Надо мною свисают дождями
Соловьиные ноги  твои.

Ты течешь сквозь меня, отражаясь,
Опрокинута в звездную твердь,
И горят надо мною пожары
Твоих юных упругих огней.
Когда трубы- над нашим балетом-
Запоют, возвещая восторг,
Полетим  по Вселенной валетом,
Проливая  по капле огонь.

Беспросветная мгла во Вселенной
И Земля, как огромный клубок.
Мы раскрутим его постепенно,
Чтобы путь указал нам с тобой.

И за что ты такая дана мне,
Стихотворных оргазмов  маньяк.
Твои ноги -во мгле- соловьями
Будут петь на плечах у меня.
Далее поэт отметил, что эротическое стихотворение написано 19 октября 1983г.
   Кто-то из комиссии возмутился, мол,   в зале присутствуют несовершеннолетние, а тут звучит такое. Авдеев не смутился и заявил, что у него есть покруче.
Над тобою, соловьиною
Я склоняюсь как хочу
И стихами как травинками,
Твои губы щекочу.

Твои русые пожары
Разметались по плечам.
Ты во мгле пылаешь жарко-
Новогодняя свеча.

Треугольник журавлиный
Твой- над щелкой -запоет,
И лопатки- точно крылья-
В душном сумраке - вразлет.

Нежно выпью твои губы
И восторгом опалю,
И журавок твоих русых
Я любовью накормлю. (19 октября 1983г.)
   Зал разделился, как ельцинский парламент.
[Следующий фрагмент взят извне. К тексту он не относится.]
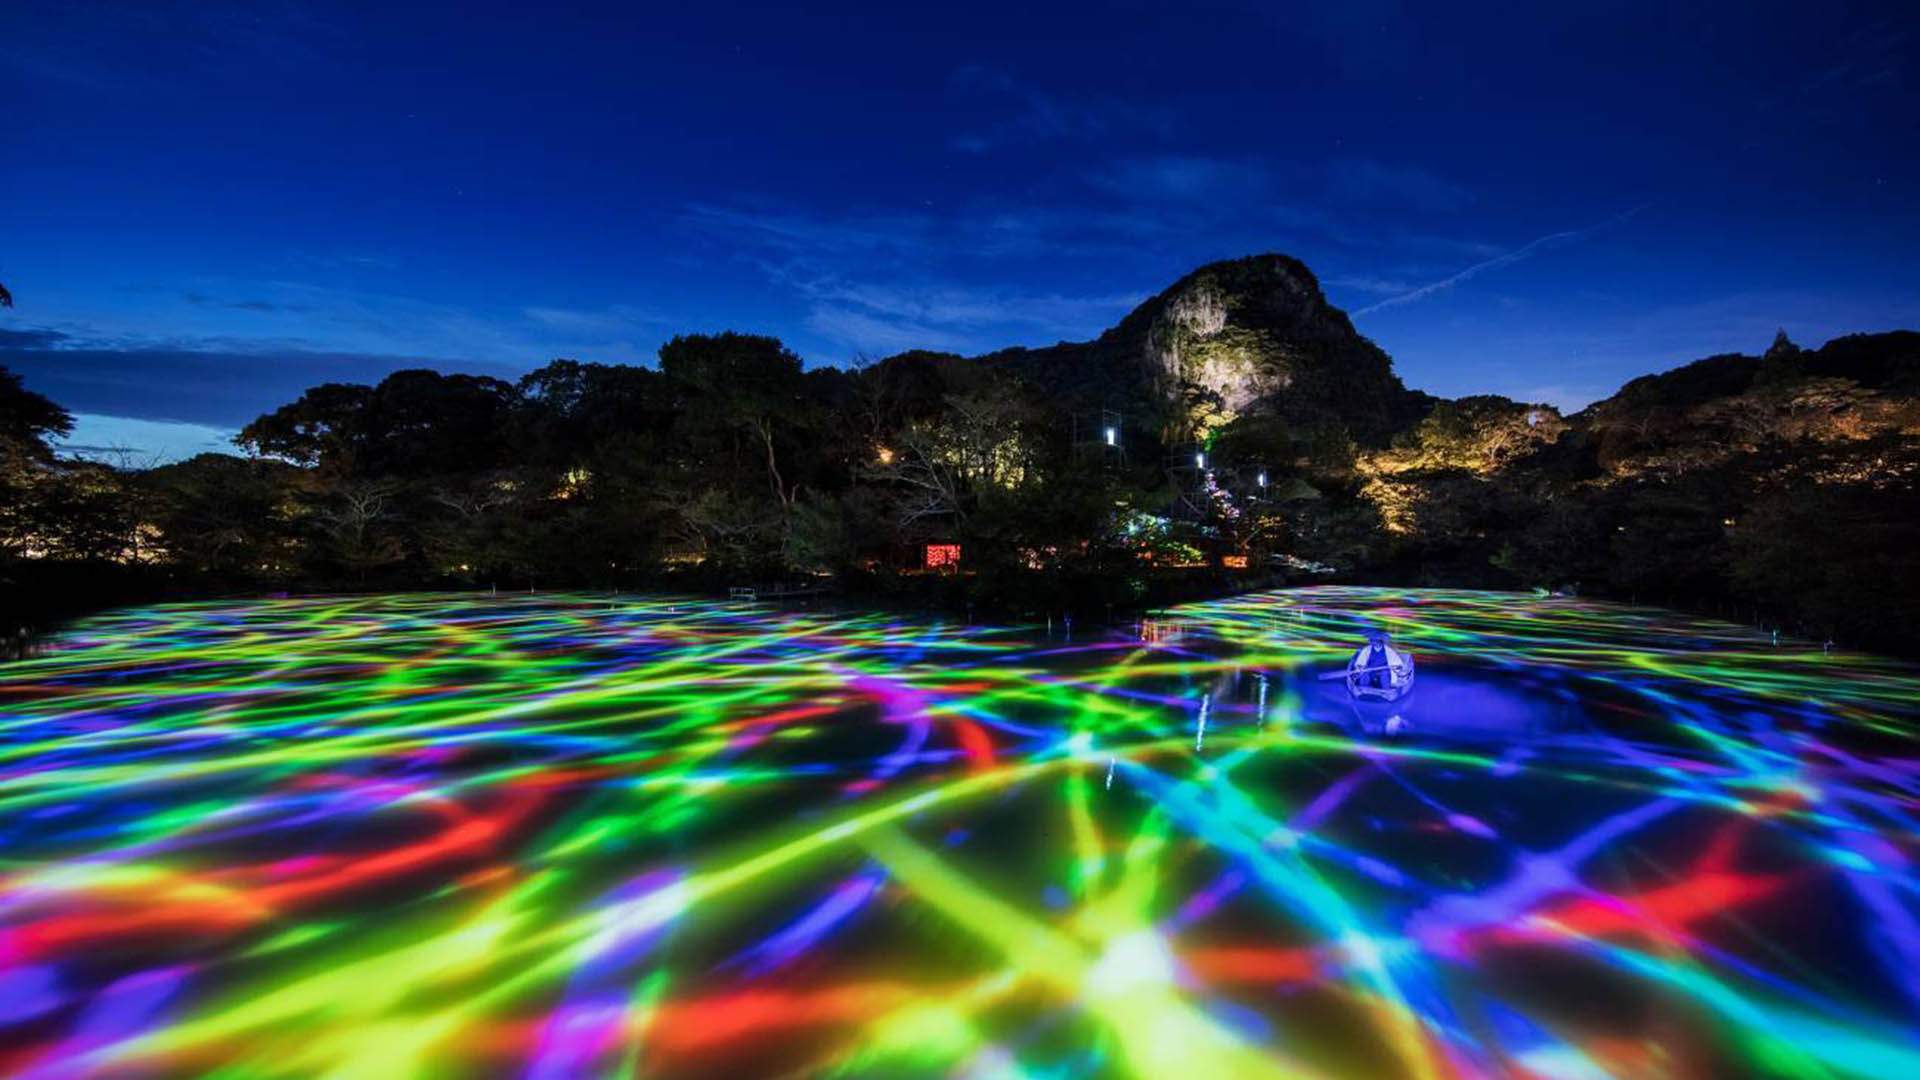 This Eye-Popping Installation Turns Japanese Hot Springs Into a Vivid Interactive Art Playground
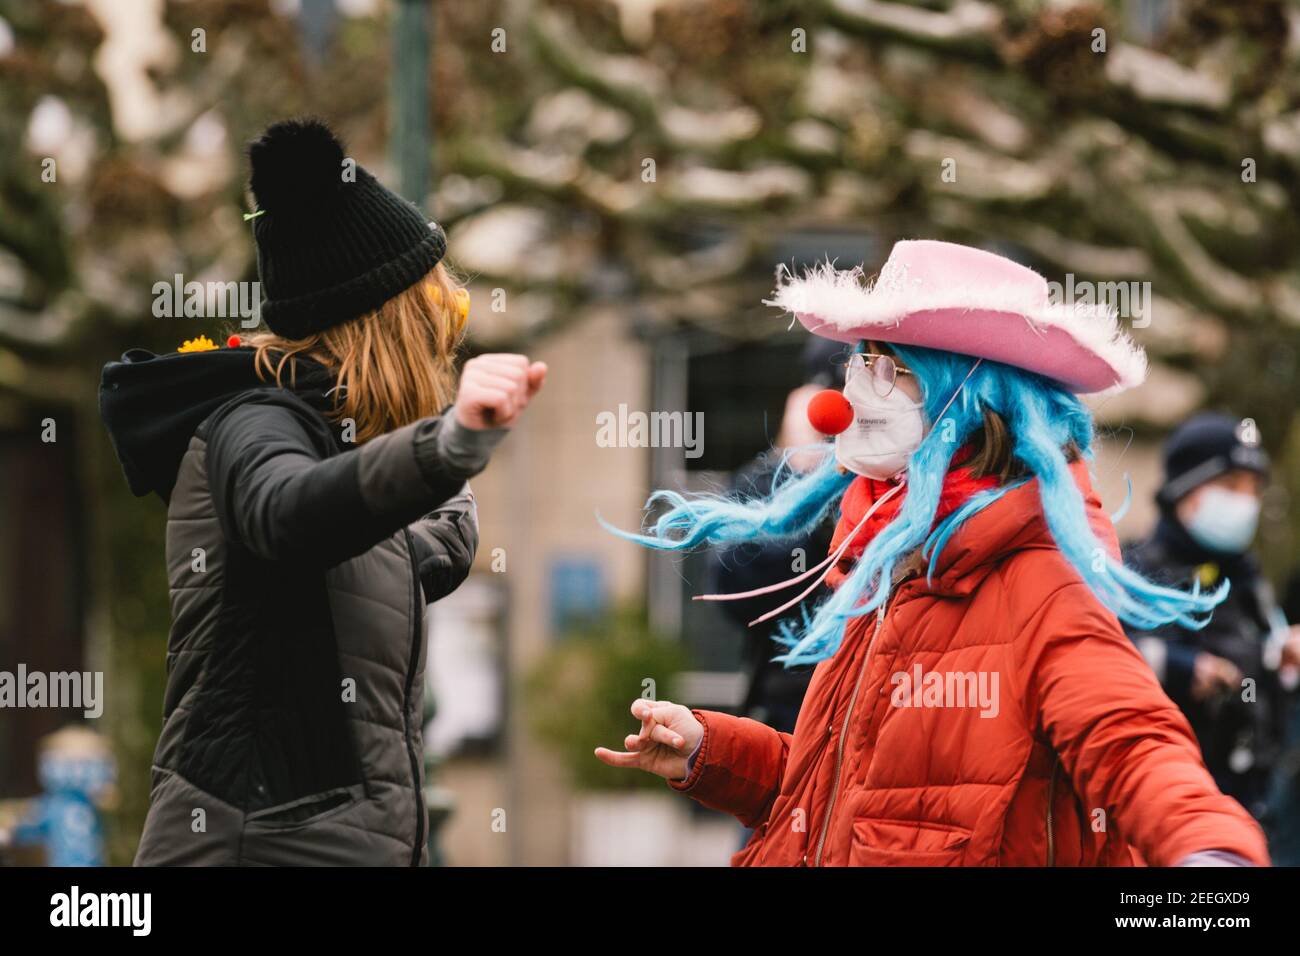 Dusseldorf, Germany. 15th Feb, 2021. People with facial masks dress up during the German carnival season amid COVID-19 pandemic in Dusseldorf, Germany, Feb. 15, 2021. Most of the traditional German carnival activities have been cancelled this year due to the COVID-19 pandemic. Some people dressed up here with sufficient COVID-19 prevention and control measures on Monday. Credit: Tang Ying/Xinhua/Alamy Live News Stock Photo

Большинство  скандировало:"Давай еще!"  Авдеев воспользовался ситуацией   и продолжил:
Ты услышь эту песню и внемли-
Это ангелов трубы трубят.
Я спущусь с поднебесья на землю,
На которой познал я тебя.

Ты взберешься ко мне на качели
Огневые восторги познать,
Чтобы трубы, валторны, свирели
Нам с тобой подпевали опять.

Чтоб зигзаги певучего тела
Отражала бездонная твердь,
Чтоб нам пристально в очи глядела
Как и ты - обнаженная смерть.

Чтобы мы обвенчались ногами-
В наших играх шальных на полу,
И чтоб в ночь улетели огнями -
Освещая вселенскую мглу.
х х х
Дикий сумрак ужасен и страшен,
Но сегодня я снова с тобой.
Я тебя как Пизанскую башню
Наклоню под таким же углом.

Пусть прольется горячая плазма.
Мы сольемся в единый восторг,
И в певучем порыве оргазма
Полетим на иную звезду. (19 октября 1983г.)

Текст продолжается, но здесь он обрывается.